Красноречие Провтавтха вдохновляло. ДозирЭ трепетно ловил каждое слово Златоустого Громогласца, и сердце его переполняла отвага, а глаза то и дело вспыхивали ненавистью. Юноша дослушал речь оратора, развернул лошадь, стараясь не задеть слушателей, и двинулся прочь. Он пересек дворцовую площадь и задержался возле Дерева Жизни, чтобы в последний раз лицезреть это сокровище, сотворенное человеческими руками.
Мраморная лестница вела к постаменту, отлитому из паладиума – металла синего цвета. На нем стоял могучий дуб из чистого золота высотой с башню. Множество больших плоских изумрудов были выделаны под дубовые листья, продолговатые рубины походили на желуди, ствол и ветви были оплетены серебряной нитью с нанизанными на нее мелкими шлифованными алмазами.

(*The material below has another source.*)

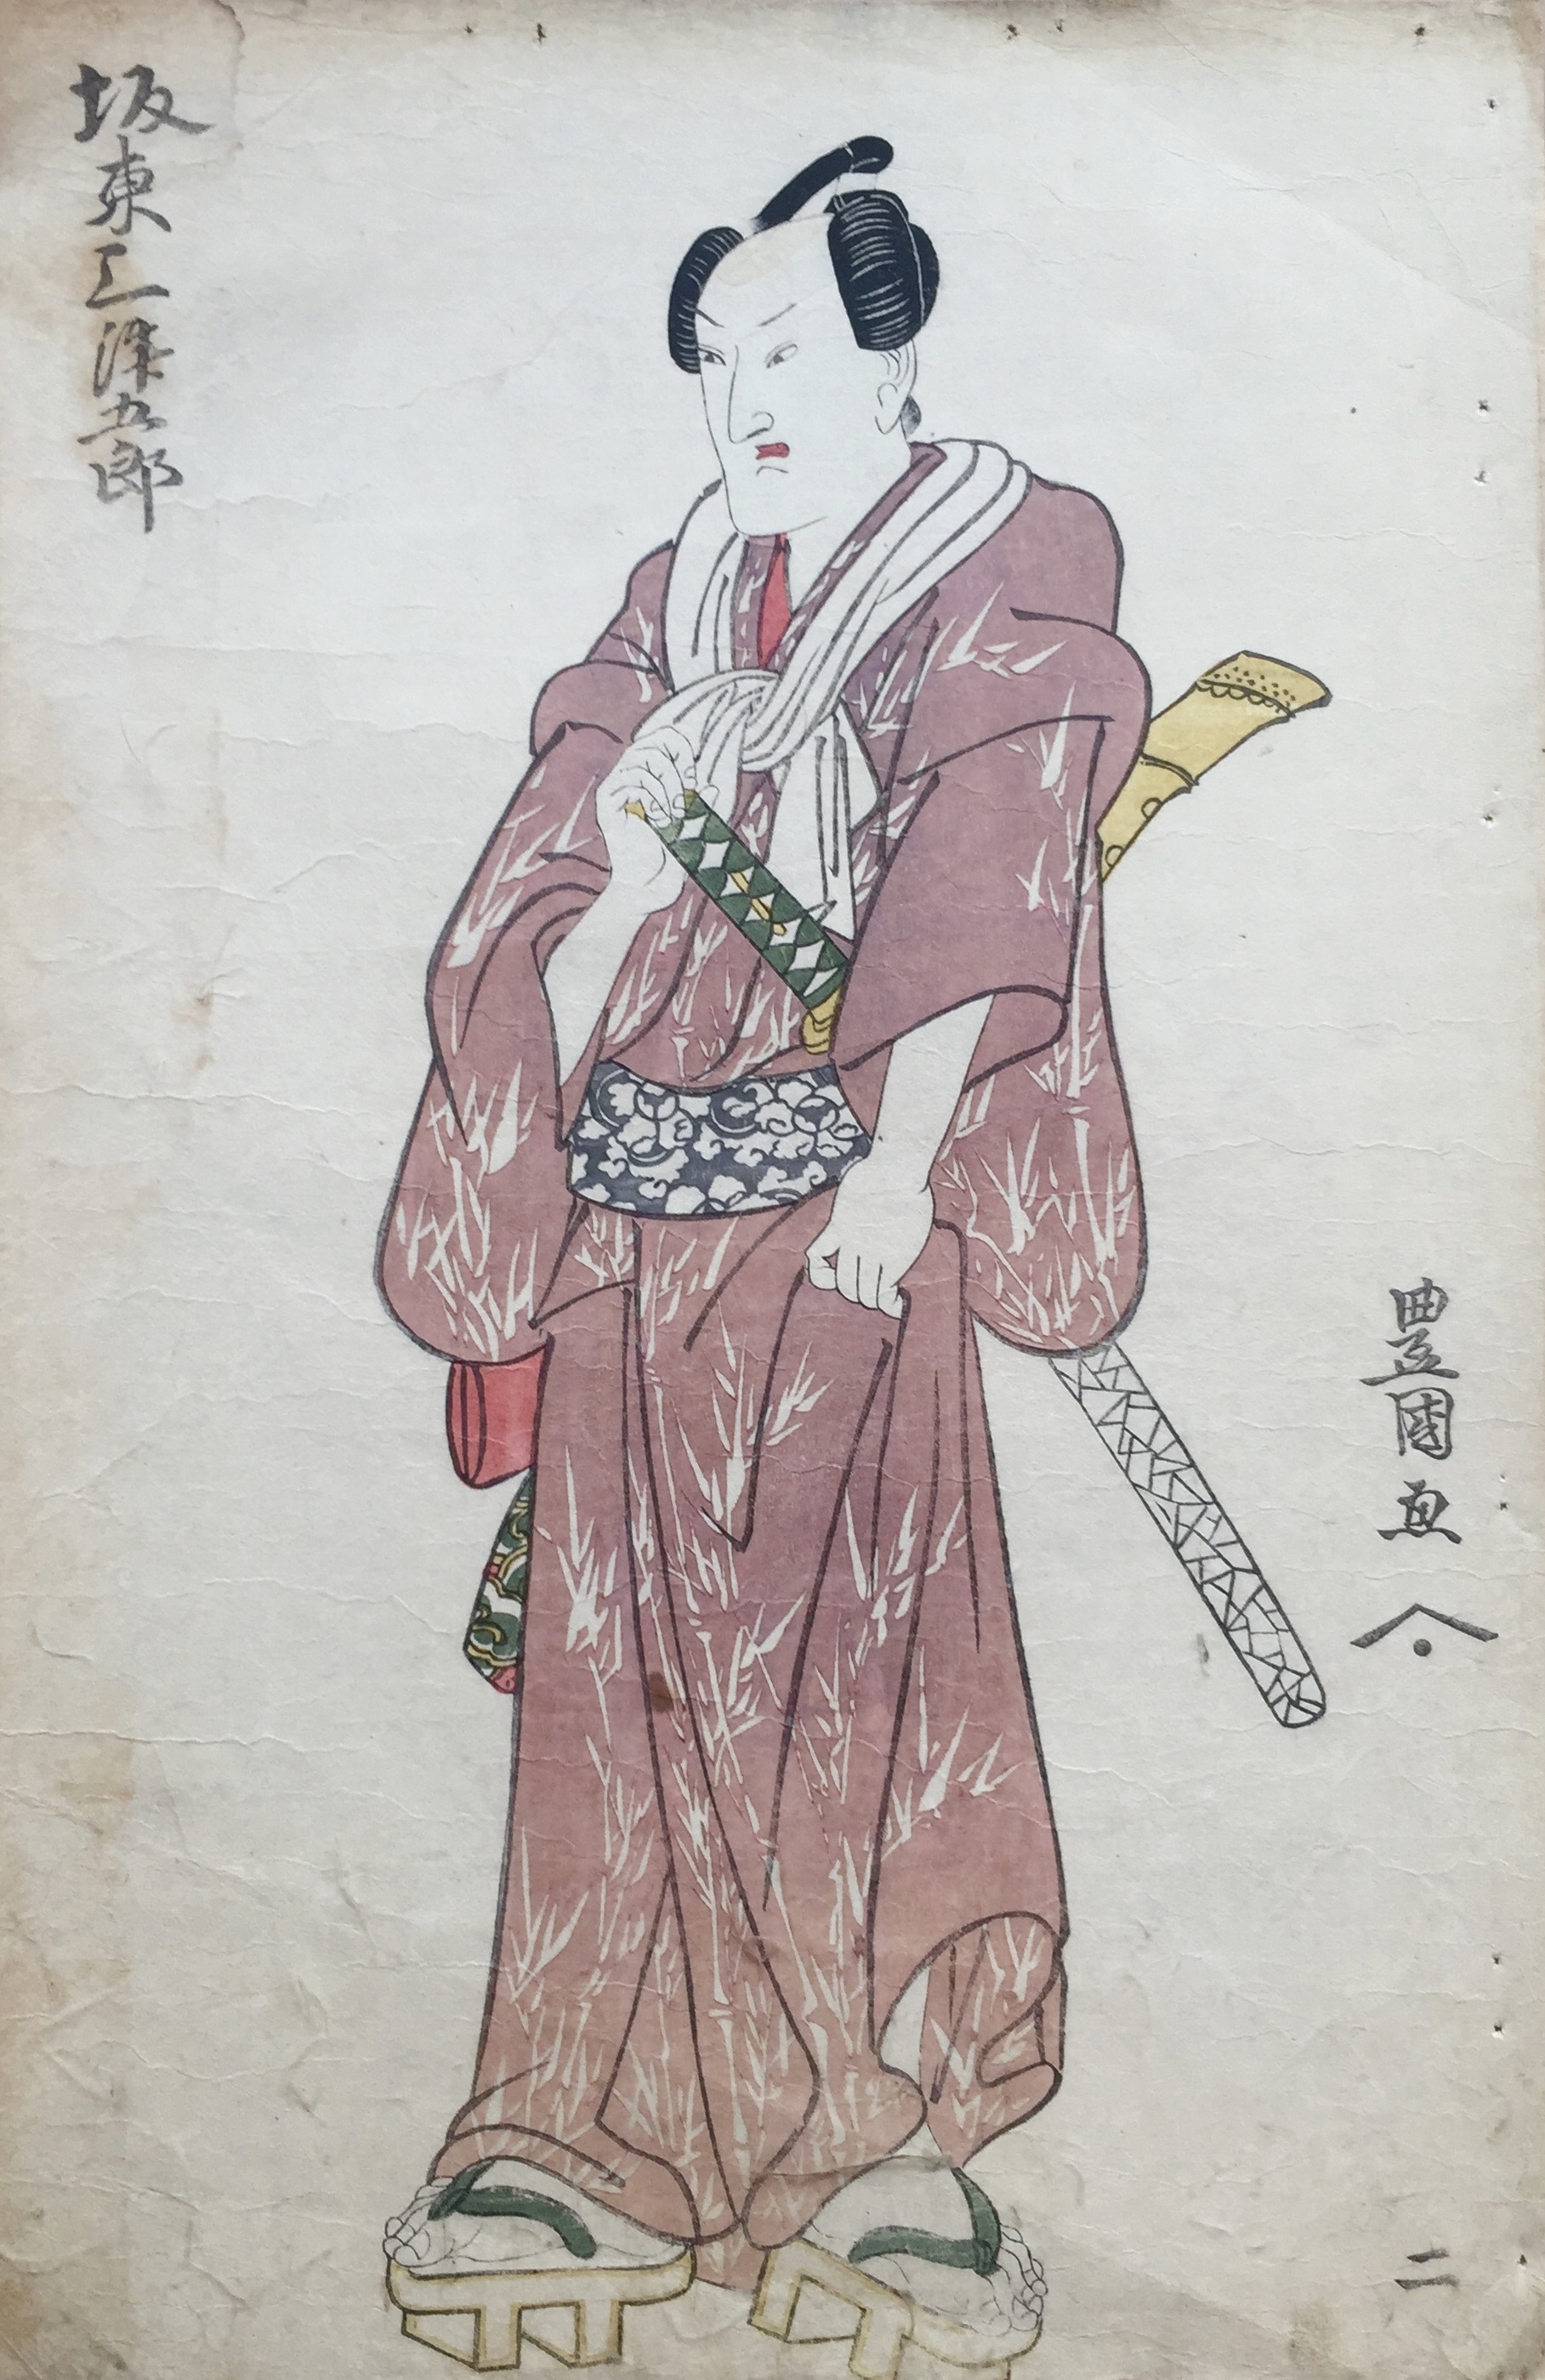 UTAGAWA Toyokuni, dit TOYOKUNI I

Дерево окружали пятнадцать золотых дев-месяцев в венках из божественного лотуса. Камни излучали нежное голубоватое сияние, так что над головами дев светились магические нимбы. Десять воинов в белых плащах и золотых доспехах охраняли воздвигнутое славными предками сказочное изваяние.
Об авидронском дереве из золота и драгоценных камней по всему континенту ходили самые удивительные легенды. Тысячи людей специально приезжали в Грономфу, чтобы только увидеть это чудо.
ДозирЭ должен был как можно скорее покинуть родной город, однако он не спешил, стараясь в полной мере насладиться своим нынешним положением. Он впервые в жизни был предоставлен самому себе, а в кошеле, обычно совсем пустом, звонко позвякивали монеты – один золотой инфект и десяток паладиумных, серебряных и медных. Эту внушительную сумму вручил ему отец, снаряжая сына в дорогу: он отдал ему все, что было накоплено за последние годы. Вдобавок будущий воин получил во владение Хонума – старого мерина с запавшей поясницей и свислым крупом, а также старую боевую парраду, большие медные пластины которой навечно запечатлели следы от ударов вражеских копий.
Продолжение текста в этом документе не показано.